04 March 2010

Back to old favorites

I was browsing in the Northfield Library for new reading material.

Nancy and I are going to a geology/environmental seminar in the Black Hills and the South Dakota badlands in July and one of the leaders is a writer named O'Brien. I went looking for his books, thinking I knew who he was. So I was looking for his books. Well, it's not Tim O'Brien, whose The Things They Carried was about American soldiers in Vietnam. (I wondered what he was going to be doing at a Black Hills seminar.) The O'Brien I was looking for is Dan O'Brien, "a writer and buffalo rancher" according to his publisher's web site. His main book is Buffalo for the Broken Heart. The Broken Heart is his ranch and buffalo are what he raises there. The book's subtitle is "Restoring Life to a Black Hills Ranch," and I guess that's why he's one of the seminar leaders. I will read his book before we go, but it's checked out and I found other things to read.

What I found and brought home was Laurie R. King's The Language of Bees. This is the latest in her series of books about the genius ingenue who captured the heart and hand of Sherlock Holmes.

It's set in the early 20th century, just post-World War I and it's the 9th book about Mary Russell and Sherlock Holmes. It's full of period language and technology. Mycroft Holmes is the equivalent of James Bond's Q. Sherlock Holmes and his nearly child-bride discover that Holmes has a son from a turn-of-the-20th-century dalliance in Paris, and that the son has a wife and daughter. This happens about the same time as the young man discovers who his father is.

Holmes' daughter-in-law has some unsavory bits in her past and they catch up with her about the time that the young family moves to London. And who does the young man turn to for help? Why the daddy who abandoned him before he was born, of course.

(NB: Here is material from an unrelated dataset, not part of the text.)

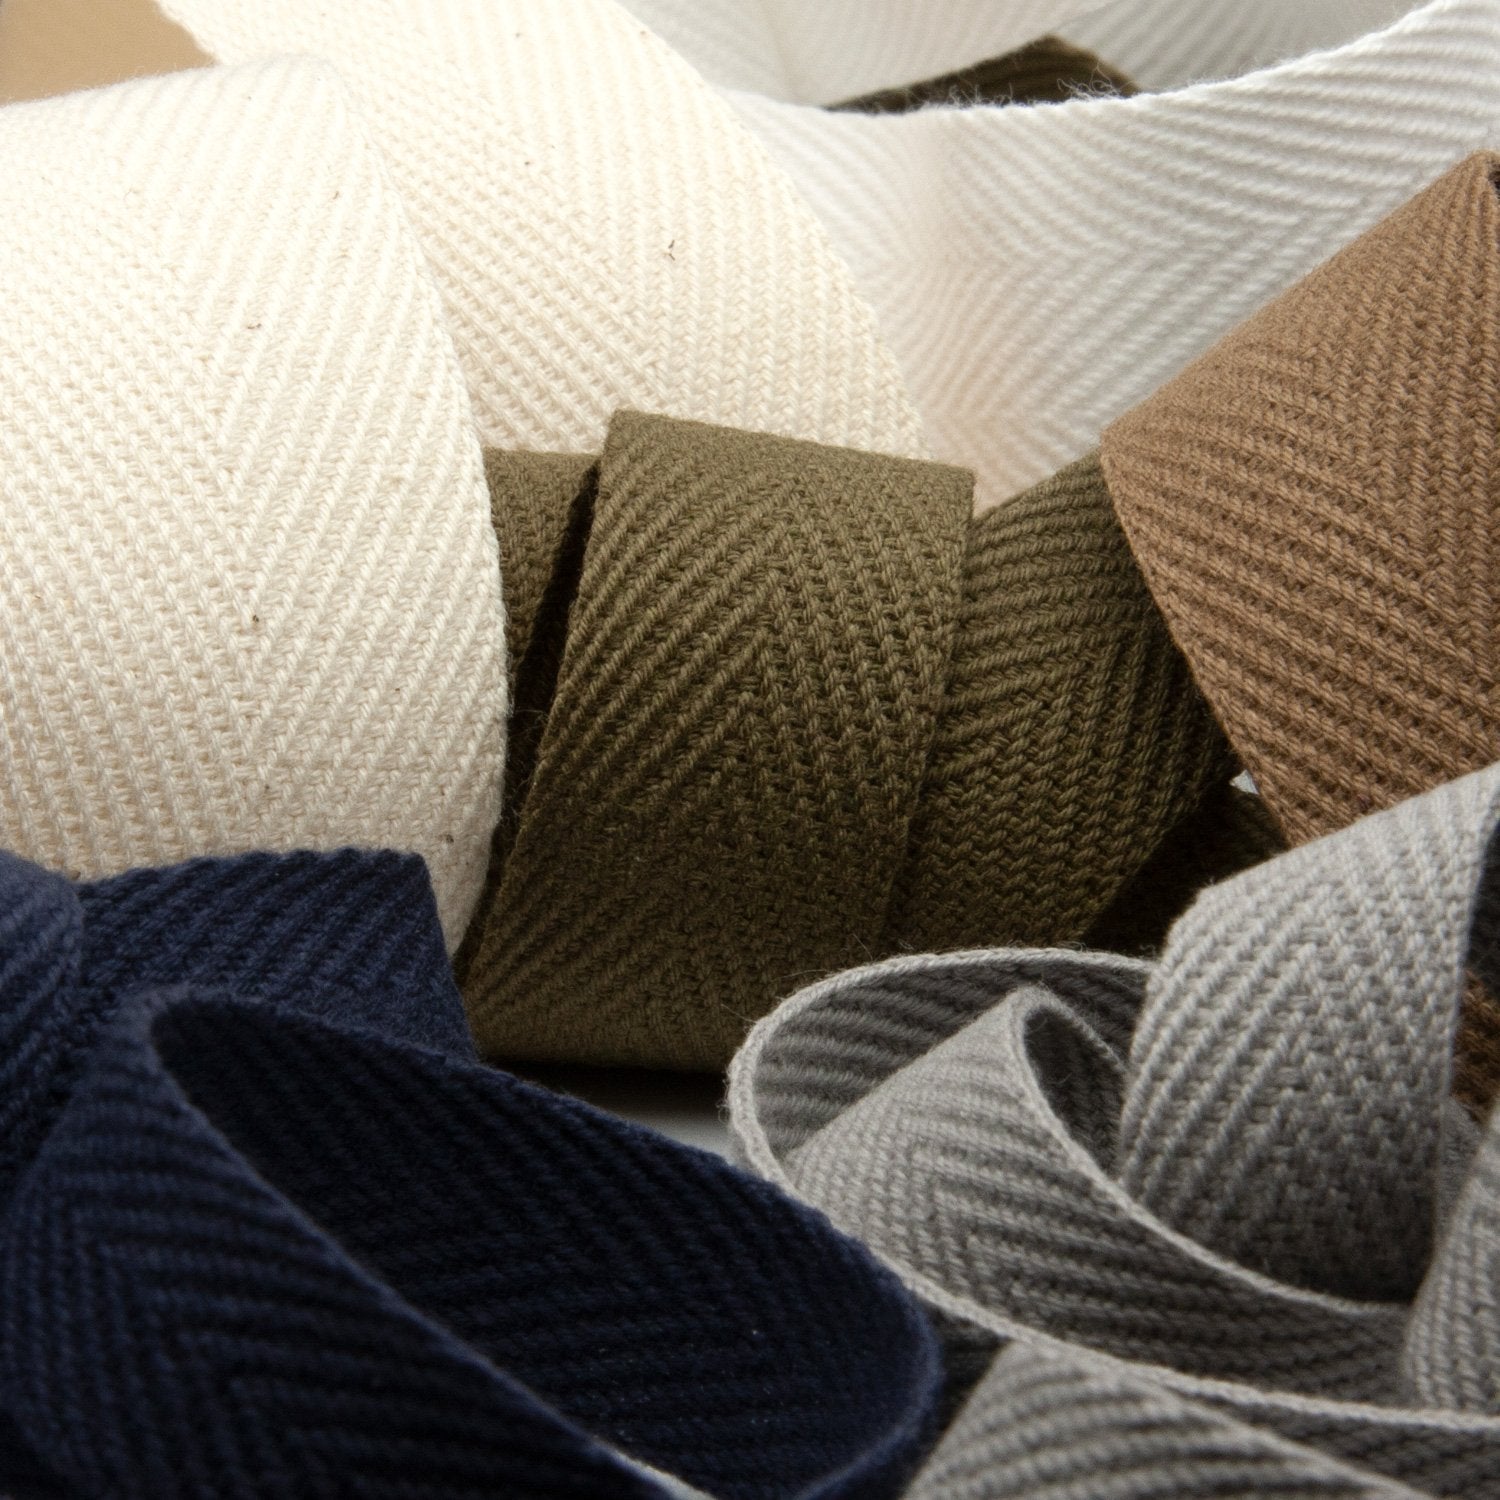 FUJIYAMA RIBBON [Wholesale] Thick Cotton Herringbone Ribbon 25mm 50 Meters Roll White

The plot is full of typical Holmesian deductions, surveillance, and research. Mary Russell hires a plane (in 1924) to fly from London to the Orkney Islands in bad weather. Holmes practically buys a fishing boat to take him to the same place. There is a serial murderer out there threatening Holmes' son and granddaughter. The evil villian always seems a step or two ahead of the pursuers.

Well, it's a lot of the same old, same old well-told story. Can you tell that even though I rather enjoyed reading this book, that I'm tired of the premise? Sara Paretsky and her private investigator V. I. Warshawski was a treat and a wonderful adventure for about six books. Then I tired of them too. I want Laurie R. King to go back and write a couple more books about San Francisco detective Kater Martinelli. I'm not tired of reading about her yet.

The trouble is that King has ended this book with the sort of cliff hanger that Conan Doyle used. She's created her own version of Professor Moriarty. At the end of this book it's clear that there will be a Language of Bees II in the near future. I won't be waiting for it.

And I've yet to figure out any meaning for the title or for the sections of the books about Mary Russell's investigations of the abandonment of one of Holmes' bee hives.

Have you read The Language of Bees? What did you think of it? Write, and tell this little bit of the world what you think.